His toughest moment was losing the mayor’s chair to Doug McCallum in 1996.
He said that’s because he knew where McCallum wanted to take the city, and he thought it would be to Surrey’s detriment.
“I just saw the city going to hell in a hand basket,” Bose said, adding he felt he would be absent at a very crucial time in the city’s history.
He came back three years later and held a city council seat for a dozen years. For the last six, he was the lone voice of opposition.
Bose concedes it was exhausting at times, with no one to spell him off.
He says planning and environmental issues remain paramount.
“We need to find ways of buying and securing for the public trust large areas of environmentally sensitive lands that we cannot now acquire,” he said, adding each time he recommends such proposals, they get sloughed off.“The council has refused to even consider it, all they do is dump them into the waste basket.
“There’s nobody on council to say ‘stop, we need more parkland in our built-up areas’. ”
As for advice for Watts moving forward, Bose said ease up on the pace of development.
“Slow down, take a deep breath,” advises Bose, who says no one has any quarrel with the goals of the plans and policies of the city. However, there is concern in the execution.
“If you really plan to protect the environment, then you better do something about it, because I’ll tell you, development trumps the environment every time.”
Bose has one more council meeting on Nov. 28, then he will officially be replaced on Dec. 5.
He plans to spend more time with his family and granddaughters both here and on Vancouver Island.
Bose hints, however, that as someone who keeps re-building blocks after they’ve been kicked over, he may continue fighting for Surrey’s best interests outside of the political arena.
In their words – the legacy of Bob Bose:
“Council will miss him and the community will miss him.
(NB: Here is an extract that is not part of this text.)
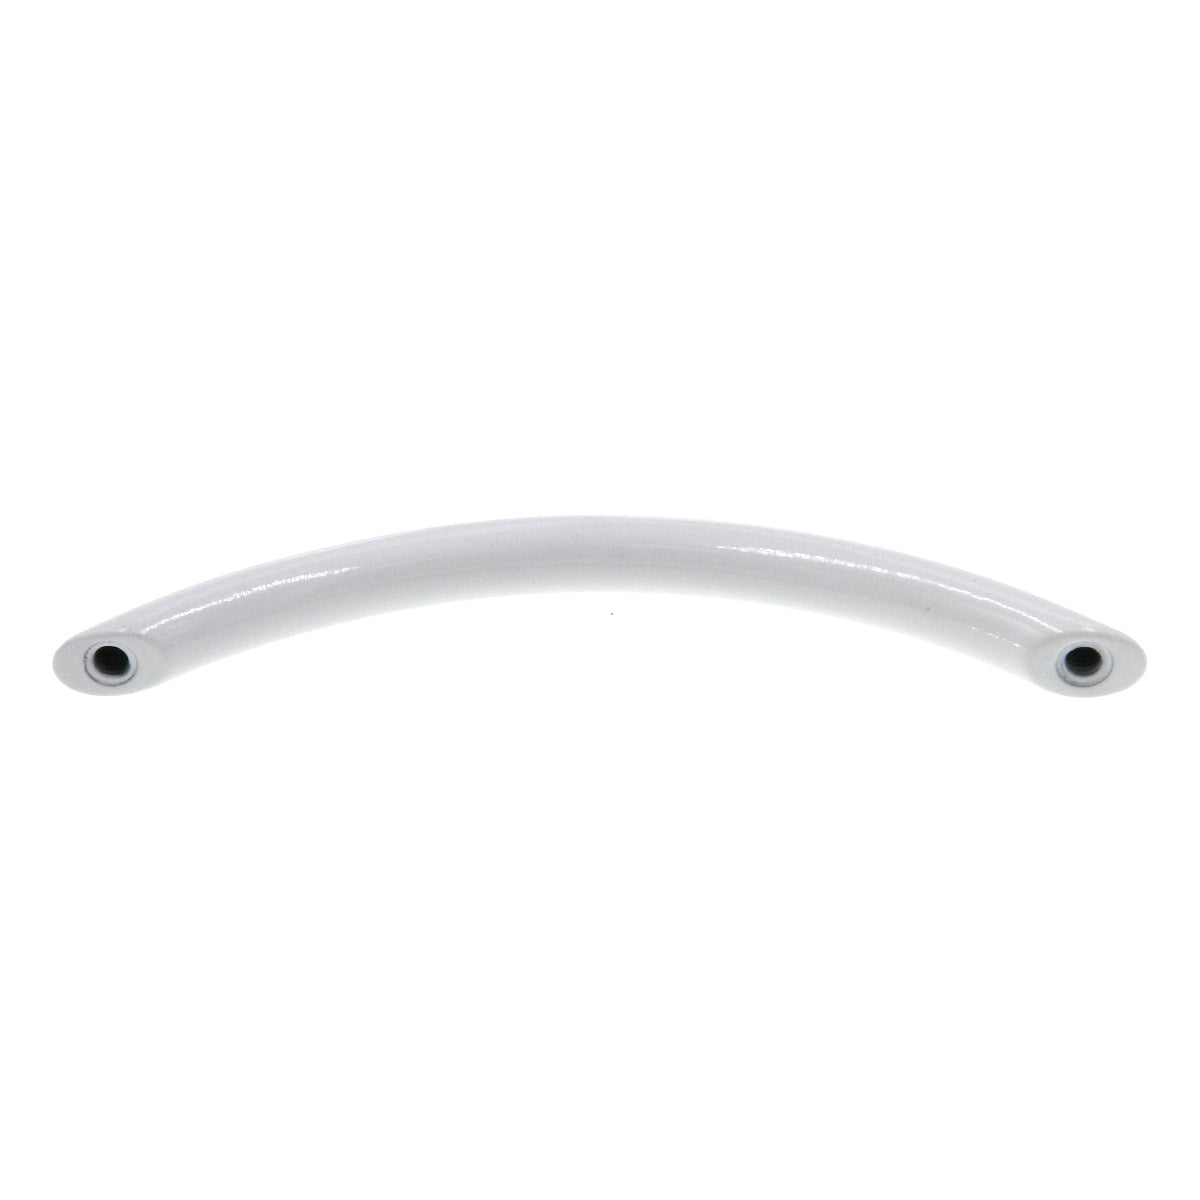 Amerock Basic Metals White 3 3/4" (96mm)cc Arch Pull Bow Cabinet Pull BP5527-54

You can’t replace what he brought to the table, which was his expertise, his commitment and his pure attention to the community perspective.”
~ Coun. Barinder Rasode
“Everybody has to admire him for the good work that he’s done in all the years that he’s worked for the City of Surrey.”
~ Coun. Mary Martin
“I have drawn on councillor Bob Bose’s vast experience, I have quitely listened and learned from “the mentor” from afar. Bob has a sense of humour only a few could enjoy and appreciate – me being one of them. His dry wit and raucous laugh have educated and entertained us on council for many years. I believe, it would be appropriate and fitting to recognize his almost half-century of service to the City of Surrey by honouring the Bose name in an enduring and permanent way in the future.”
~ Coun.Tom Gill
“He was always incredibly good and fair with staff… He brought a real sense of urban promise, because Bob is so vigilant around design that he made everyone else vigilant about design. I think his love of architecture shows in every single thing that he does.”
~ Coun. Linda Hepner
“… A treasure of the city for many, many years. His family is well known, he is well known, he is really, really active in the city. I am very fond of Bob… he’s a very fine man.”
~ Coun. Barbara Steele
“He wanted Surrey to look good. He wanted the architecture, the buildings. and the city to just look good… he has been a champion of that for a very long time.”
~ Coun. Marvin Hunt
“I think his voice has been really important at the council table. He’s been committed to the city and cared about the fact that he wanted it to develop in a sensitive way. He never compromised his opinions and let them stand, and I think people admired that about Bob.”
~ Coun. Judy Villeneuve
“With Bob coming from a pioneer family his roots ran deep in Surrey. He dedicated many years to public service both as a councillor and as mayor. I wish him all the very best and acknowledge his many years of service.”